The following tasks are performed on BOTH nodes to set up the DRBD resource and start the DRBD service. (You should be prepared to perform these tasks at the same time, so that the peers locate each other when you start the DRBD service.)

[root@master1 ~]# echo “/dev/drbd0 /hadoop     ext3     defaults,noauto     0 0″ >> /etc/fstab
[root@master1 ~]# mkdir /hadoop
[root@master1 ~]# yes | drbdadm create-md r0
[root@master1 ~]# service drbd start

Tip: If the destination partition or disk that you are using for your DRBD volume previously had a file system created on it, you may receive a warning like the following one:

Command ‘drbdmeta /dev/drbd0 v08 /dev/sda4 internal create-md’ terminated with exit code 40
drbdadm aborting

If this is the case, try zeroing the destination partition disk with dd:

[root@master1 ~]# dd if=/dev/zero of=/dev/sda4

After the process is started, the following two commands should be run on the PRIMARY server ONLY:

[root@master1 ~]# drbdadm — –overwrite-data-of-peer primary r0
[root@master1 ~]# mkfs.ext3 /dev/drbd0
[root@master1 ~]# mount /hadoop

It will take some time to synchronize based on the size of the disk and the “syncer” rate defined in your drbd.config.

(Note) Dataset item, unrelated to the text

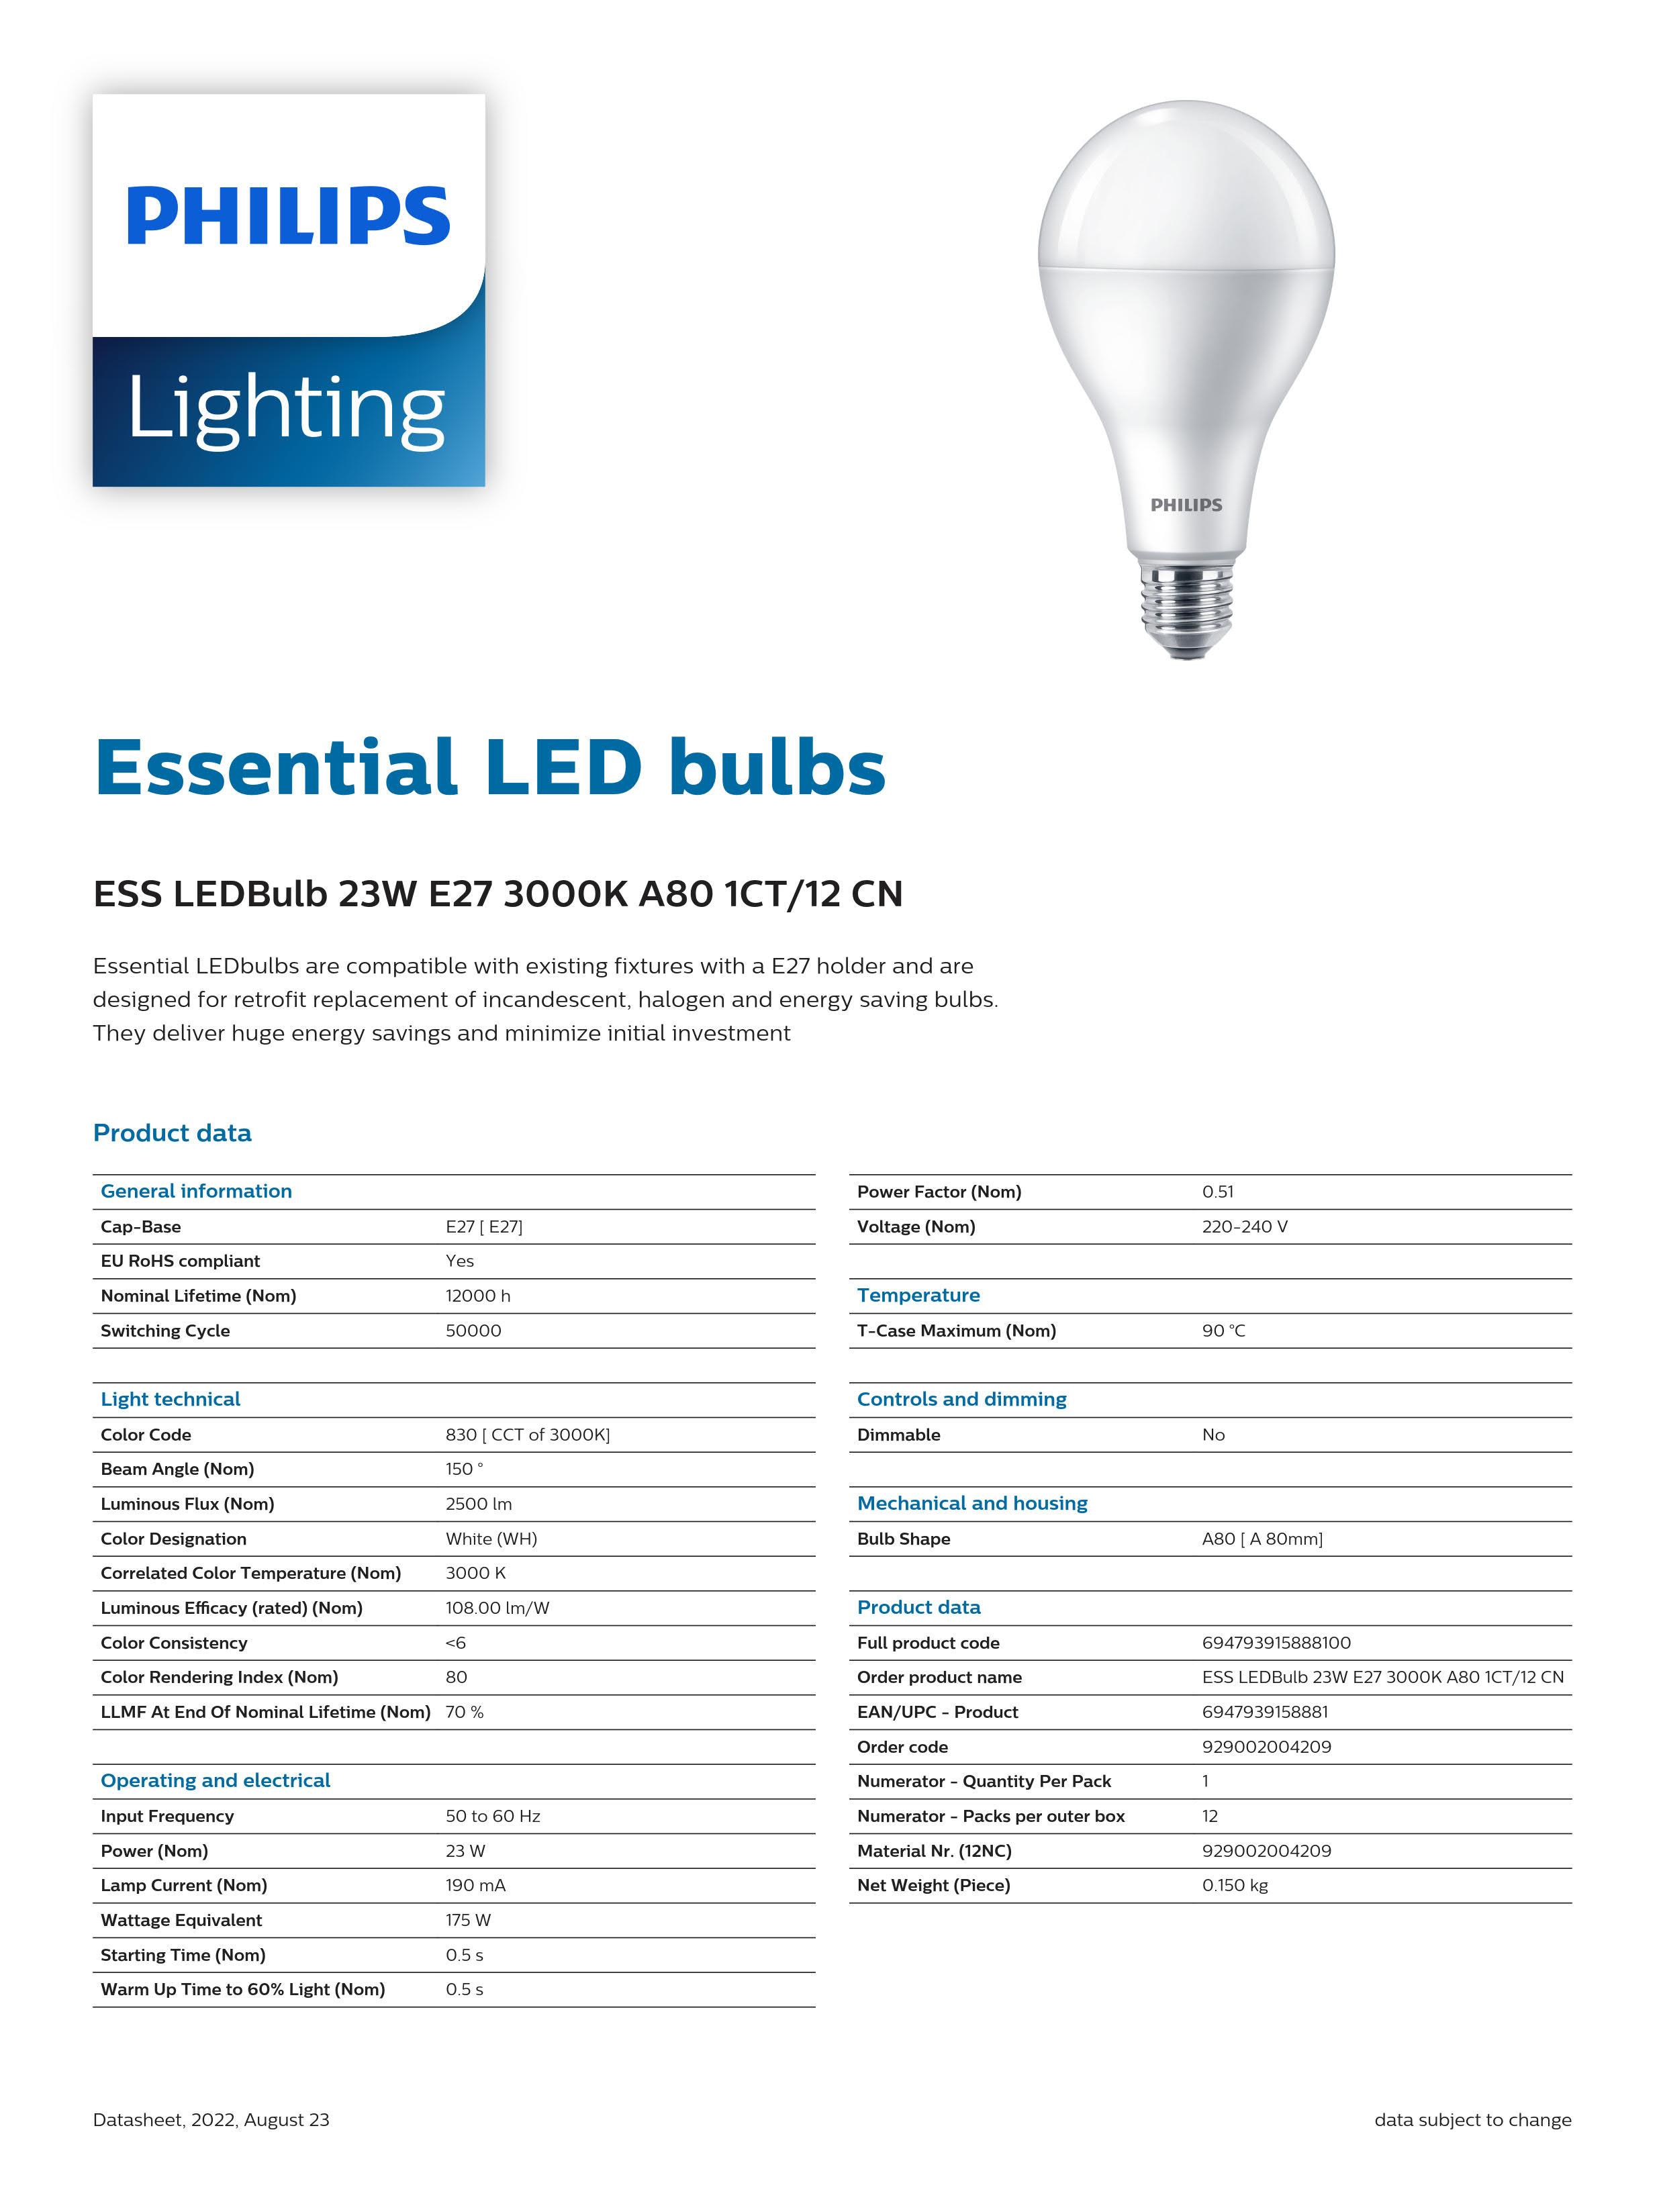 PHILIPS Essential LED bulbs 23W E27 3000K 230V 1CT/12 CN 929002004209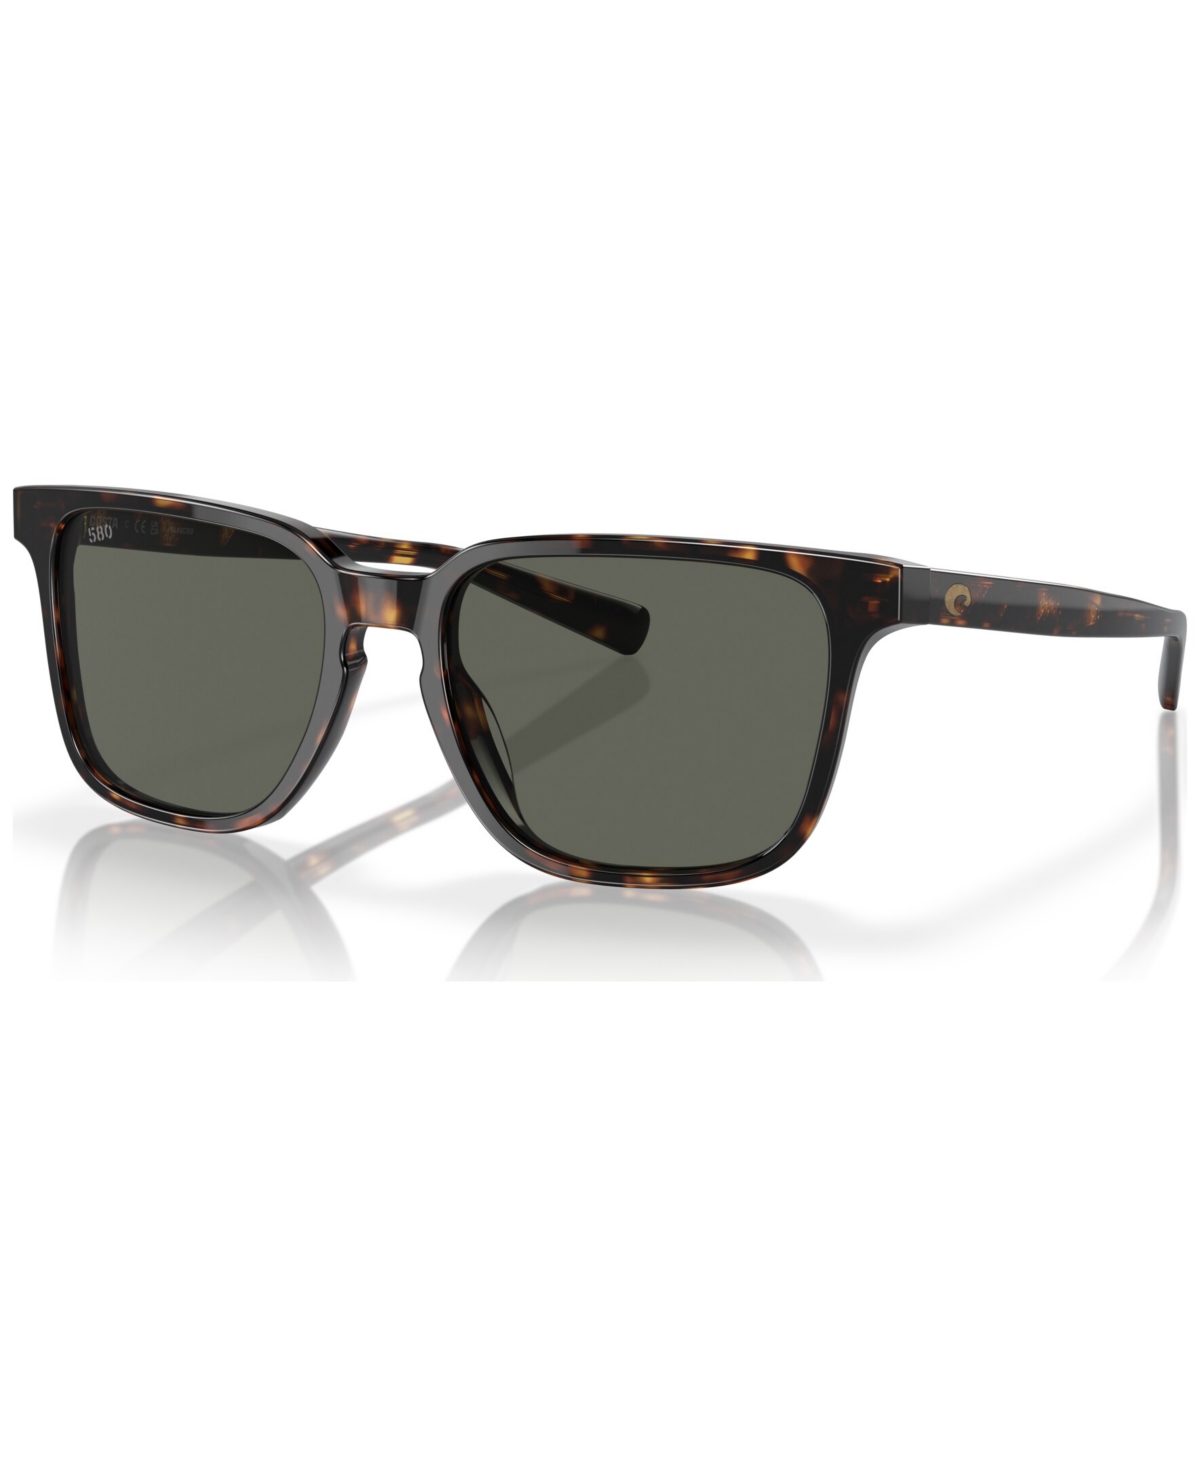 Men's Kailano Polarized Sunglasses, Polar 6S2013 - Tortoise

You can check the status of this process from /proc/drbd:

[root@master1 ~]# cat /proc/drbd
version: 8.2.6 (api:88/proto:86-88)
GIT-hash: 3e69822d3bb4920a8c1bfdf7d647169eba7d2eb4 build by buildsvn@c5-x8664-build, 2008-10-03 11:30:17
0: cs:SyncSource st:Primary/Secondary ds:UpToDate/Inconsistent C r—
ns:18440304 nr:0 dw:27072452 dr:18511901 al:11746 bm:12767 lo:14 pe:12 ua:246 ap:1 oos:84438604
[==>.................] sync’ed: 18.0% (82459/100465)M
finish: 0:14:31 speed: 96,904 (77,472) K/sec


[root@master1 ~]# cat /proc/drbd
version: 8.2.6 (api:88/proto:86-88)
GIT-hash: 3e69822d3bb4920a8c1bfdf7d647169eba7d2eb4 build by buildsvn@c5-x8664-build, 2008-10-03 11:30:17
0: cs:Connected st:Primary/Secondary ds:UpToDate/UpToDate C r—
ns:196492540 nr:0 dw:195994668 dr:3687117 al:1355324 bm:68 lo:0 pe:0 ua:0 ap:0 oos:0

5. Install Hadoop RPMs from Cloudera

We used the web-based configurator provided by Cloudera (https://my.cloudera.com/), which builds an RPM containing repos for your custom configuration and the rest of their distribution. The resulting RPM is then installed on BOTH master nodes.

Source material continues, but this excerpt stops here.